__What to do__
Give again, word for word, the lines below that run from the line with "Todd harrison ri dolphin9 3v web" through the line with "Worksheets Culinary Arts Worksheets". Drop the pictures.

__Provided material__
^^^^

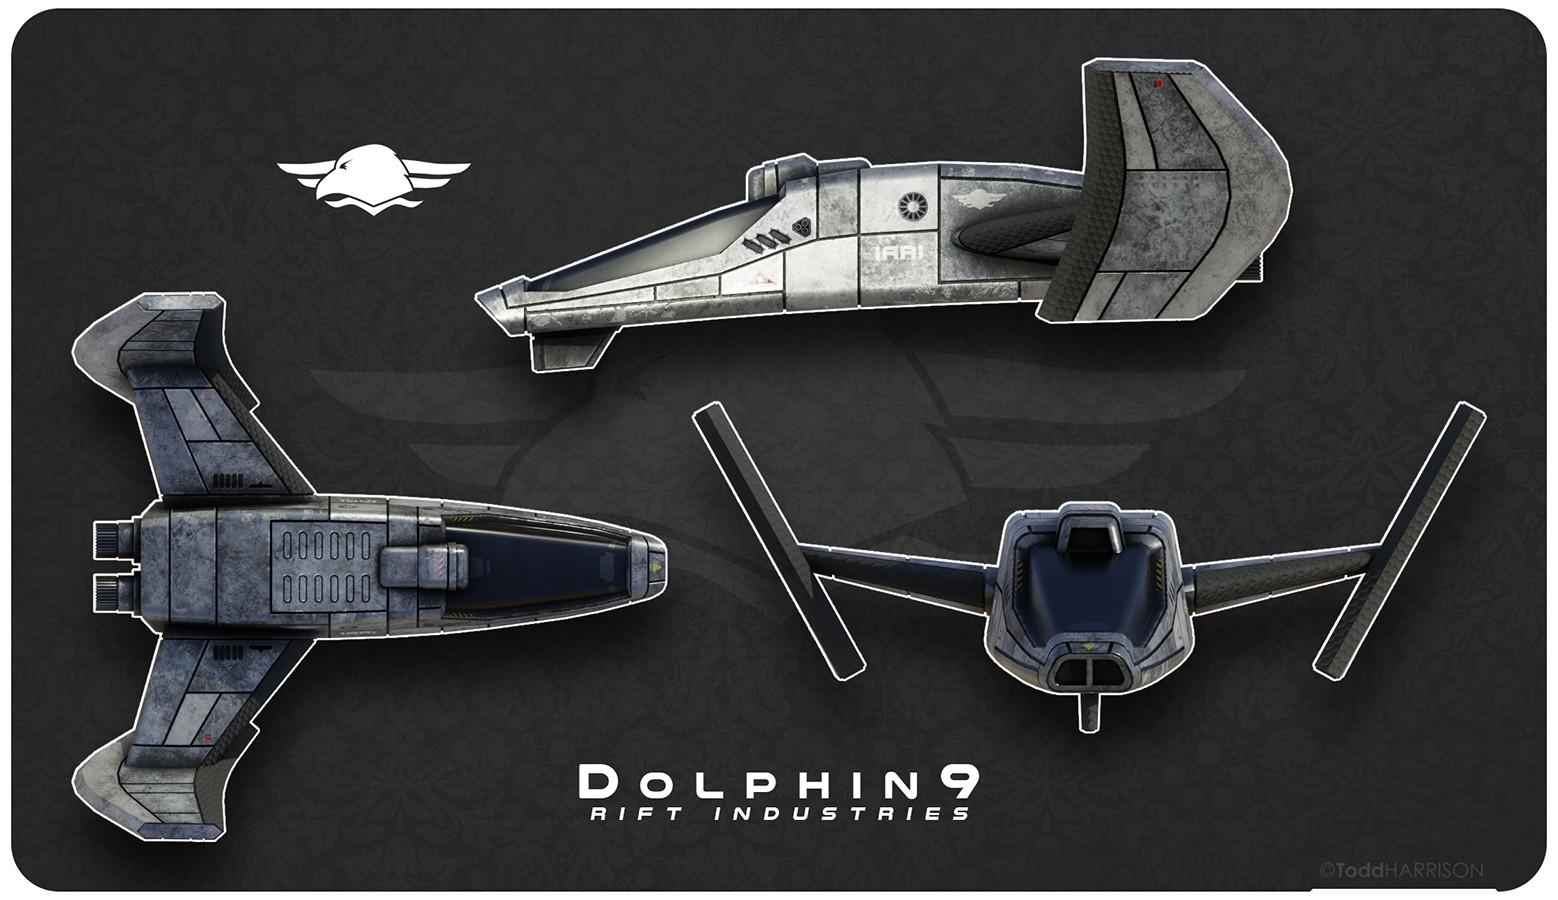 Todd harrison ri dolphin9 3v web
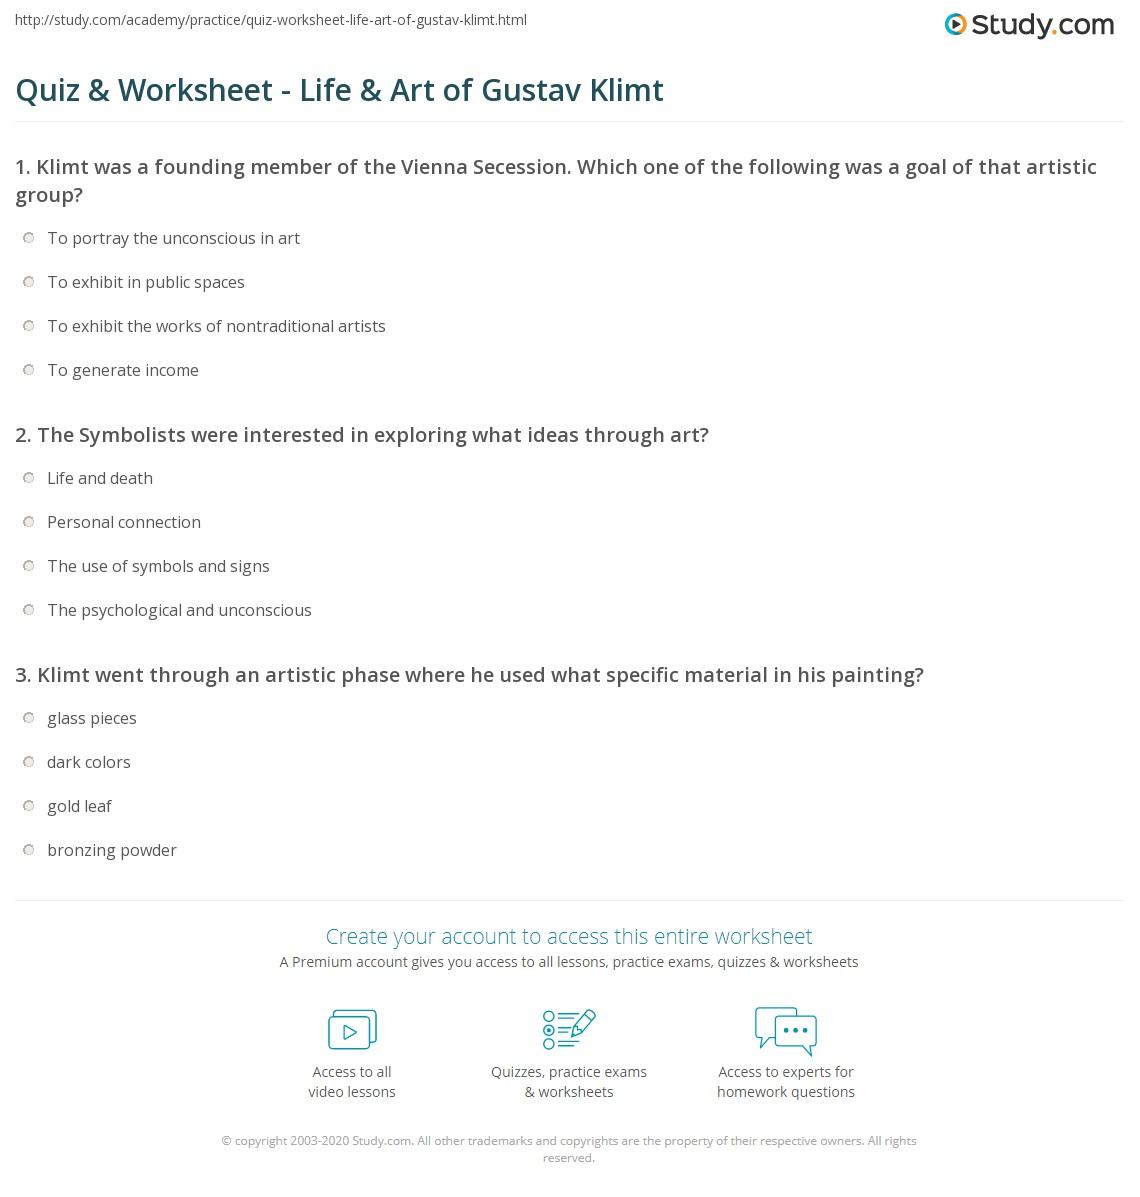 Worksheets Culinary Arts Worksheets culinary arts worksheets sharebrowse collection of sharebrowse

^^^^

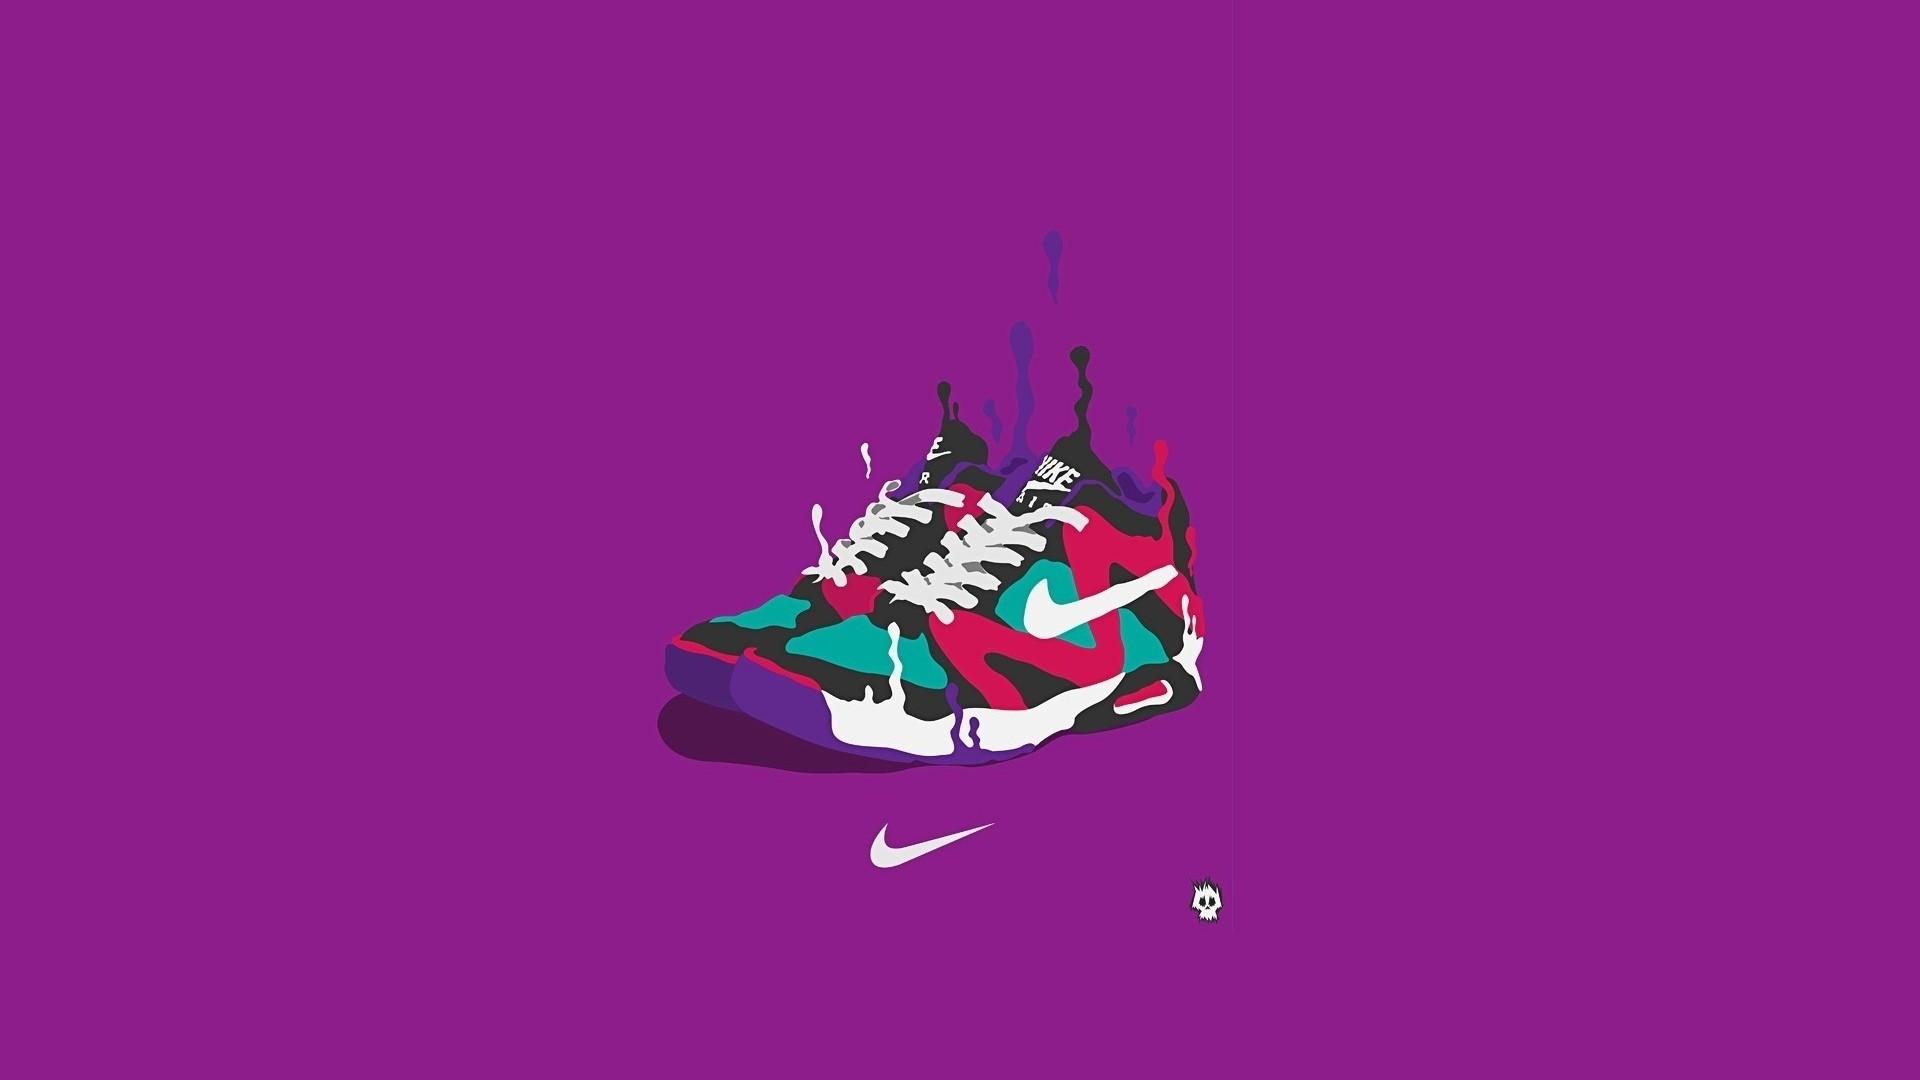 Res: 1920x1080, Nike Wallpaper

^^^^

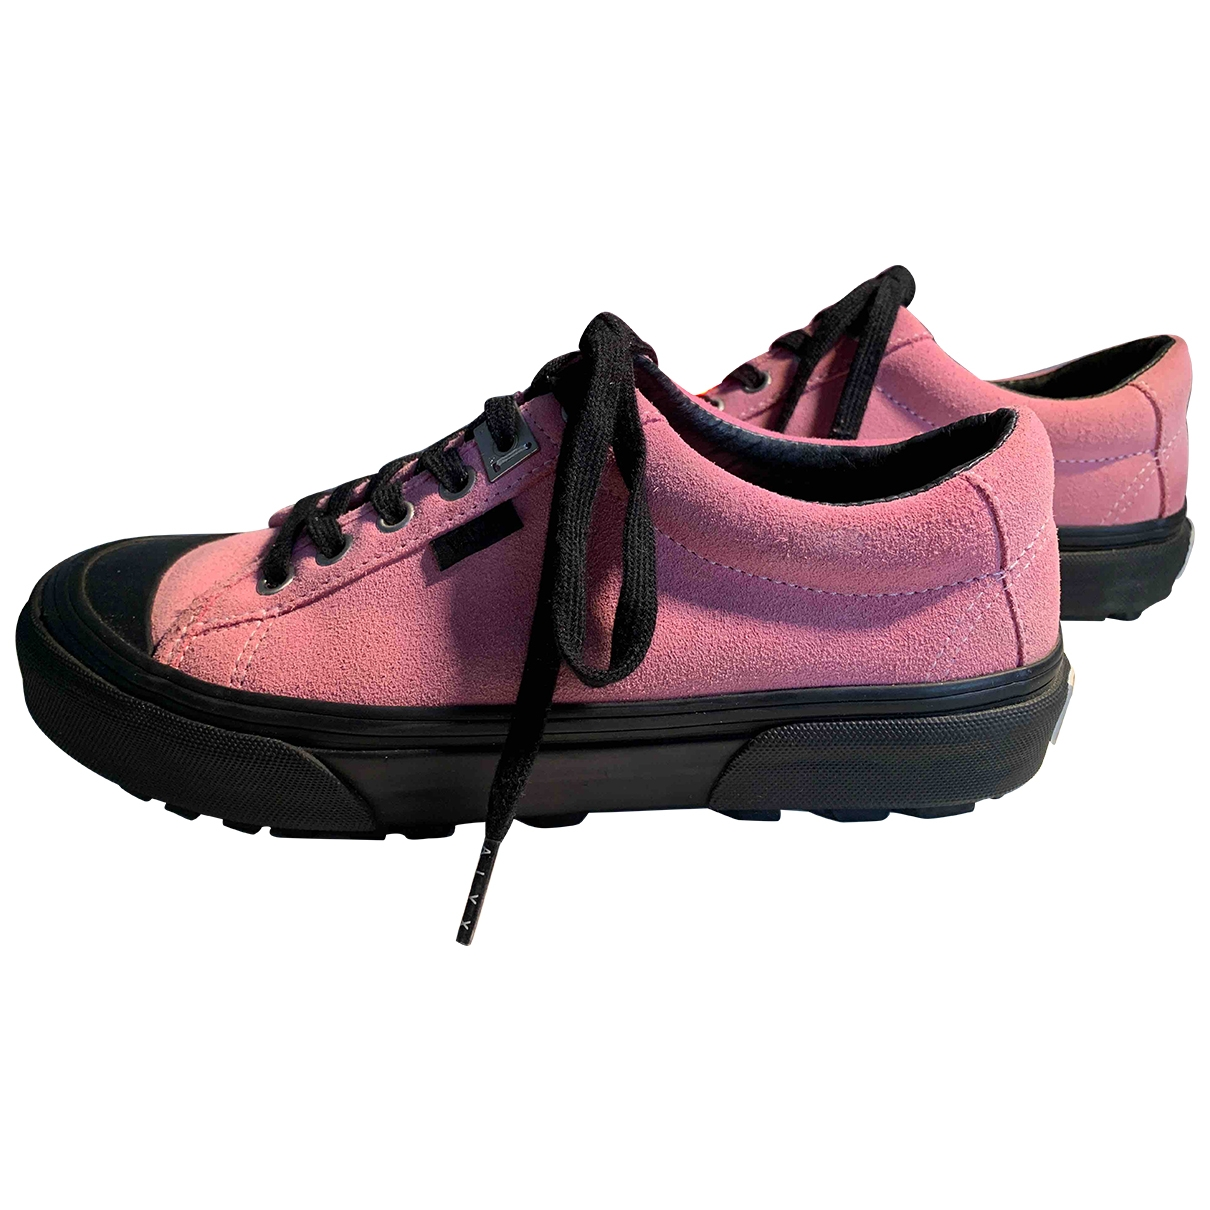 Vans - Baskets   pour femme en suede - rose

^^^^

__Answer section__
 Todd harrison ri dolphin9 3v web
 Worksheets Culinary Arts Worksheets culinary arts worksheets sharebrowse collection of sharebrowse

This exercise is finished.